FIG. 1 is a schematic flow chart of the method of the present invention;

FIG. 2 is a diagram of a technical route and a logic framework of a multi-layered distributed signal control platform according to an embodiment;

FIG. 3 is a schematic diagram of a physical architecture of distributed awareness of a vehicle-road collaborative environment in an embodiment;

FIG. 4 is a schematic diagram of a distributed signal timing optimization control and implementation process in an embodiment.

Detailed Description

The invention will now be described in detail with reference to the drawings and specific examples.

Examples

The utility model provides a city multi-intersection multilayer distribution control system under car way collaborative environment, includes that signal control unit, drive test unit and the multisource traffic state perception equipment of laying at each intersection, and each intersection is provided with corresponding road network topological structure respectively, and road network topological structure includes the intersection that is adjacent directly with this intersection all, and the road network topological structure that the intersection corresponds specifically is:

G _i (N _i ,E _i )

wherein G is _i Road network topological structure model for intersection i, N _i For a set of nodes, including all directly adjacent intersections to local intersection i, E _i The road segment collection is connected with the intersection i and is used for reflecting the road segment length and saturated flow data;

the drive test unit of the local intersection i is only connected with N _i The road test units of the intersections in the node set are in communication connection, and meanwhile, the road test units of the local intersections i only receive the data from E _i Intersection state information collected by the multisource traffic state sensing equipment of the road section set.

The road test unit is in communication connection with the signal control unit of the intersection, the road test unit is in communication connection with the road test units of other adjacent intersections in the road network topology structures corresponding to the intersection and the multisource traffic state sensing equipment respectively so as to form distributed communication among the road network topology structures of the intersections, and in practical application, the road test unit can be in communication connection with the internet-connected vehicles.
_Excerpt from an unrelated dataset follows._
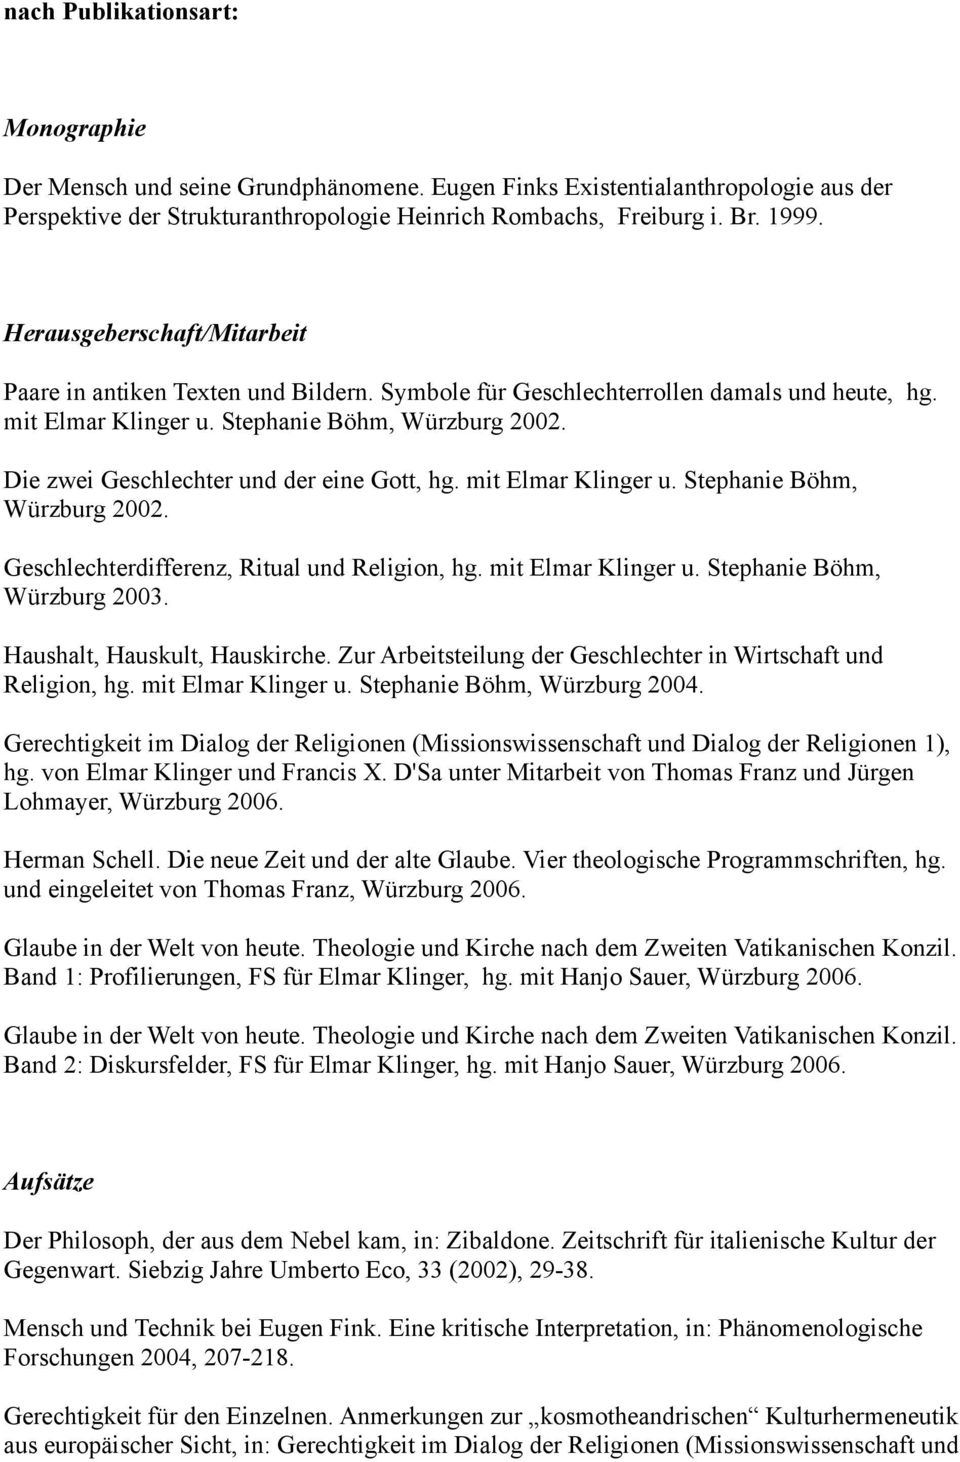 Die zwei Geschlechter und der eine Gott, hg. mit Elmar Klinger u. Stephanie Böhm, Würzburg 2002. Geschlechterdifferenz, Ritual und Religion, hg. mit Elmar Klinger u. Stephanie Böhm, Würzburg 2003.

The multi-source traffic state sensing equipment is used for collecting intersection state information in real time;

the road test unit is used for fusing and processing the state information of the intersection and the state information of the adjacent intersection, and combining the signal timing information of the adjacent intersection to obtain an optimized signal timing scheme of the intersection;

the signal control unit acquires an optimized signal timing scheme from the drive test unit of the intersection so as to correspondingly control the signaler of the intersection to execute the optimized signal timing scheme.

The system is applied to practice to realize the multi-layer distribution control method of the urban multi-intersection under the cooperative environment of the vehicle and the road, as shown in fig. 1, and comprises the following steps:

s1, based on distributed communication among road network topological structures of all intersections, a road test unit acquires intersection state information from multisource traffic state sensing equipment of the intersection and adjacent intersections and acquires signal timing information of the adjacent intersections from the road test unit of the adjacent intersections;

s2, the road test unit performs fusion processing on the acquired intersection state information to obtain road section consistency traffic state description information;

s3, based on the road section consistency traffic state description information and the signal timing information of adjacent intersections, a distributed traffic road network system dynamic update equation is constructed by determining the adjacent intersection timing information at an asynchronous moment, and a set objective function is combined to obtain a distributed signal timing optimization model;

s4, solving the distributed signal timing optimization model to obtain an optimized signal timing scheme corresponding to each intersection;

s5, the signal control unit acquires a corresponding optimized signal timing scheme from the road test unit of the intersection, and controls the intersection signal machine to execute the acquired optimized signal timing scheme.

By applying the technical scheme, the embodiment utilizes the distributed sensing method under the cooperative environment of the vehicle and the road to acquire real-time traffic state information, realizes distributed communication according to the topological structure of the distributed road network, optimizes the local signal timing scheme based on the real-time traffic information, and realizes the architecture of the urban multi-intersection multi-layer distributed signal control platform. As shown in fig. 2, mainly includes the following:

step 1, sensing distributed traffic state information;

step 2, a distributed communication method according to a road network topological structure;

step 3, optimizing distributed signal timing;

and 4, implementing a distributed control scheme.

Specific:

step 1, distributed traffic state information sensing

(1.1) distributed awareness system physical architecture.

The multi-layer distributed signal control platform requires that a signal control unit, a road test unit and a series of traffic state sensing devices (shown in figure 3) are arranged at each intersection under the cooperative environment of the vehicle and the road.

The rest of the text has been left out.